(DATA TO PROCESS):

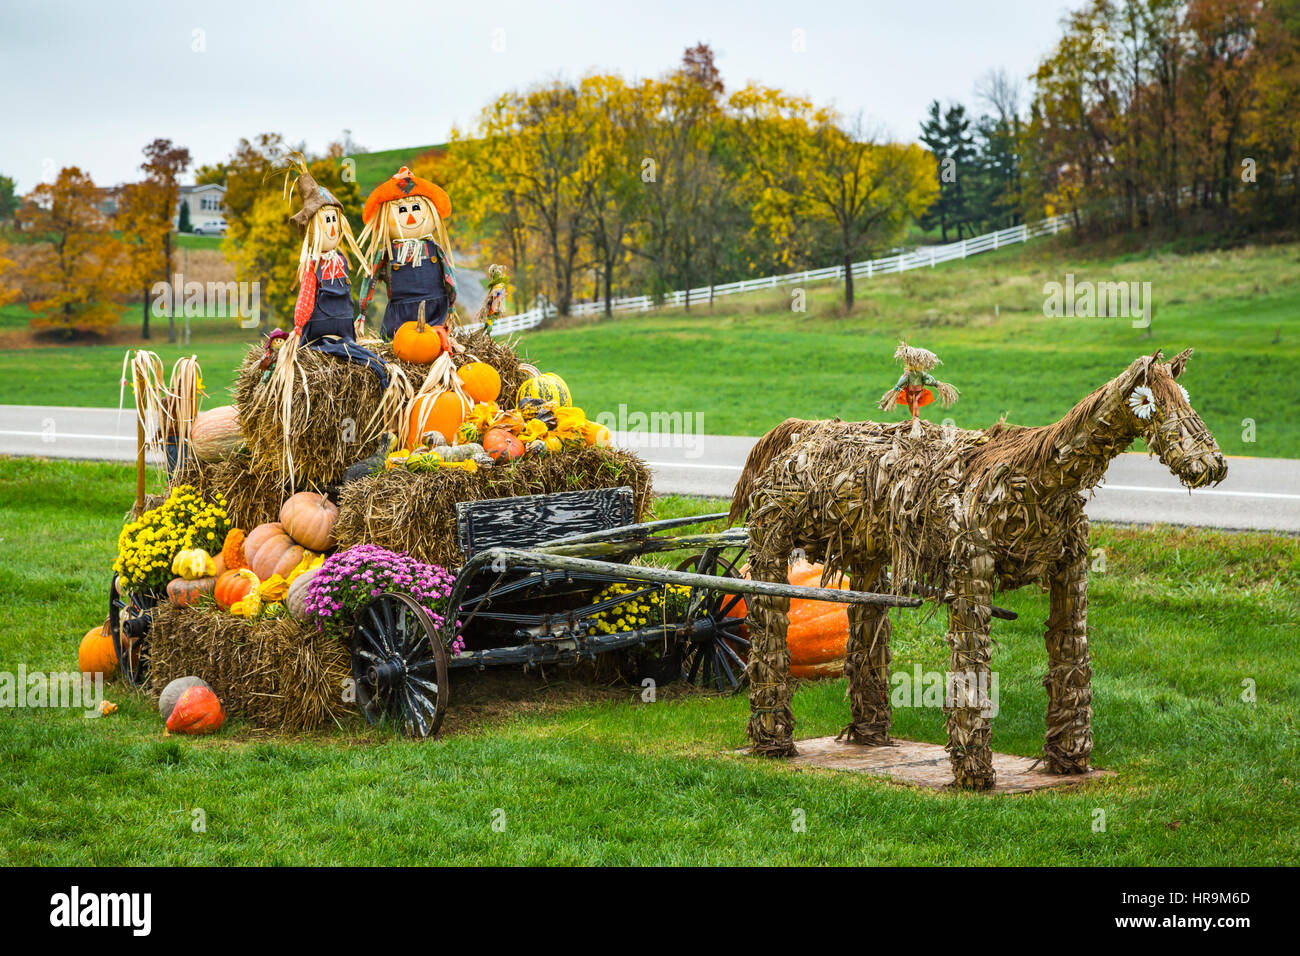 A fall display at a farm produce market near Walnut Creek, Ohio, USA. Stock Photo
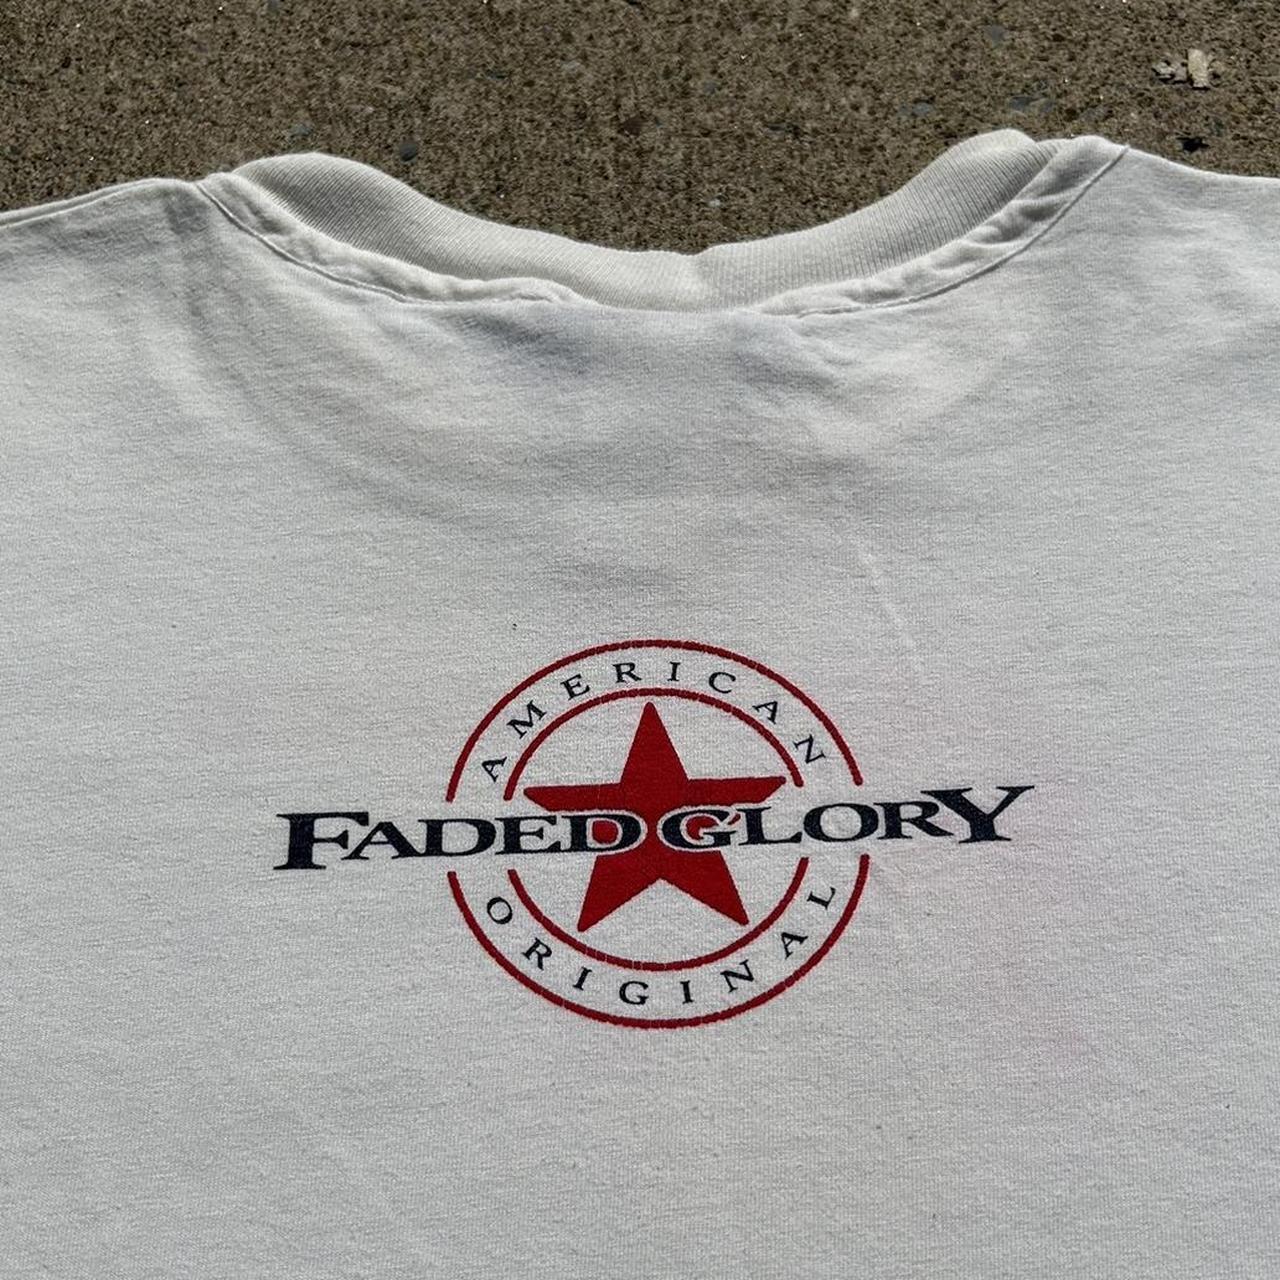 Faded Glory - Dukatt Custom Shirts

...

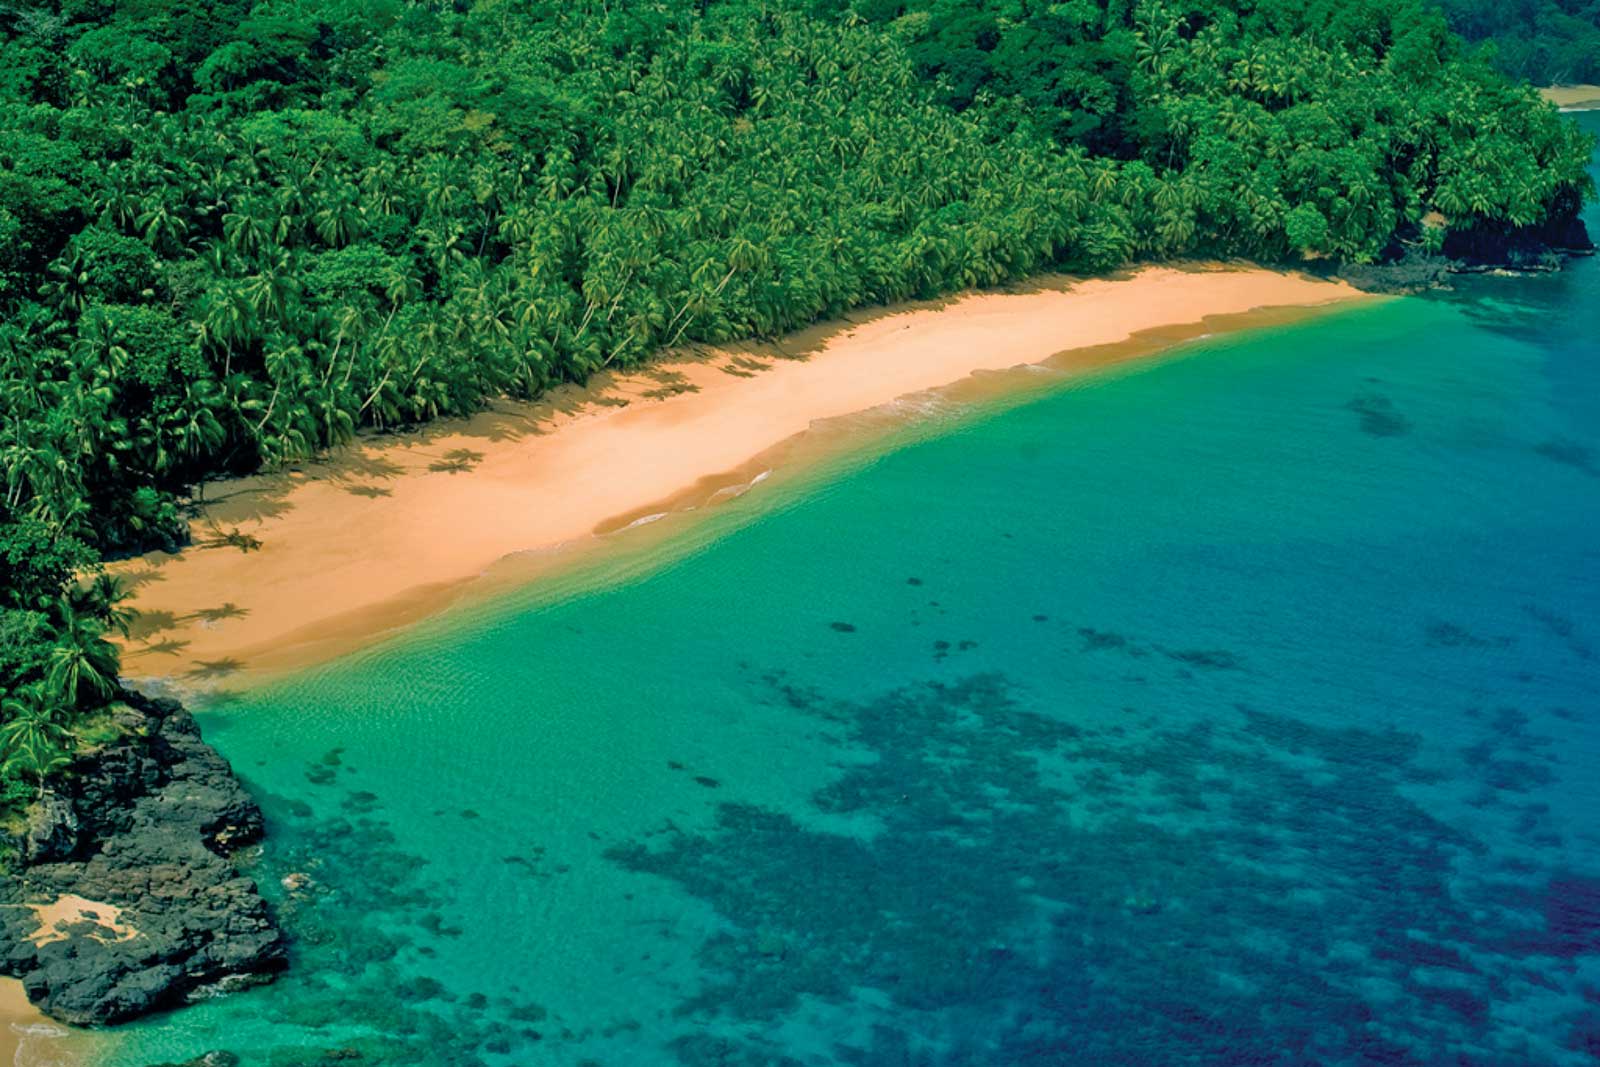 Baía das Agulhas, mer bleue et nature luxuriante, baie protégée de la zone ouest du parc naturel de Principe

--

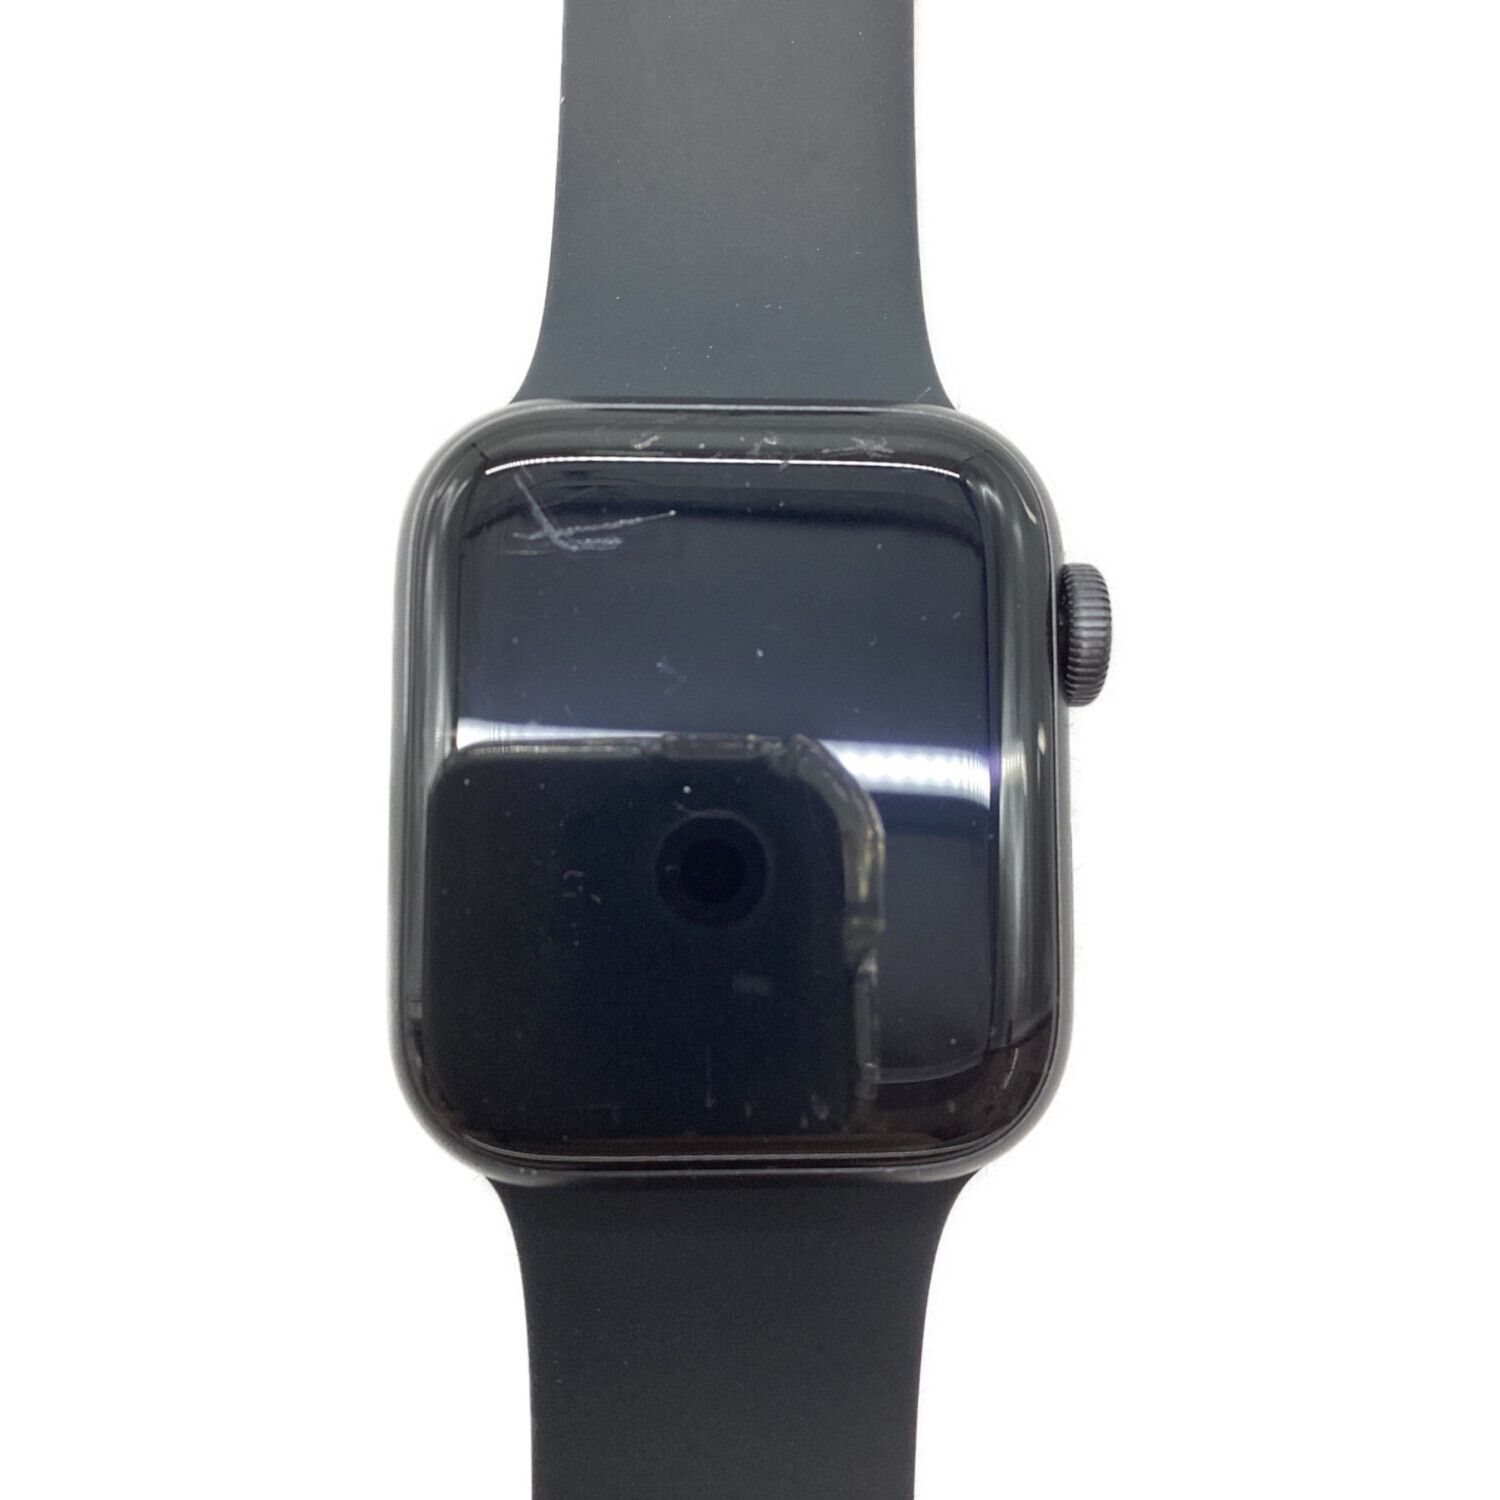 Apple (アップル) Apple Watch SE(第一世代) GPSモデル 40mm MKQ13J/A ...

(THE PROBLEM):
Every line above from the one with "A fall display" down to the one with "Faded Glory - Dukatt Custom Shirts" must be written out exactly, and no picture may appear.

(SOLUTION TO THIS TASK):
 A fall display at a farm produce market near Walnut Creek, Ohio, USA. Stock Photo
 Faded Glory - Dukatt Custom Shirts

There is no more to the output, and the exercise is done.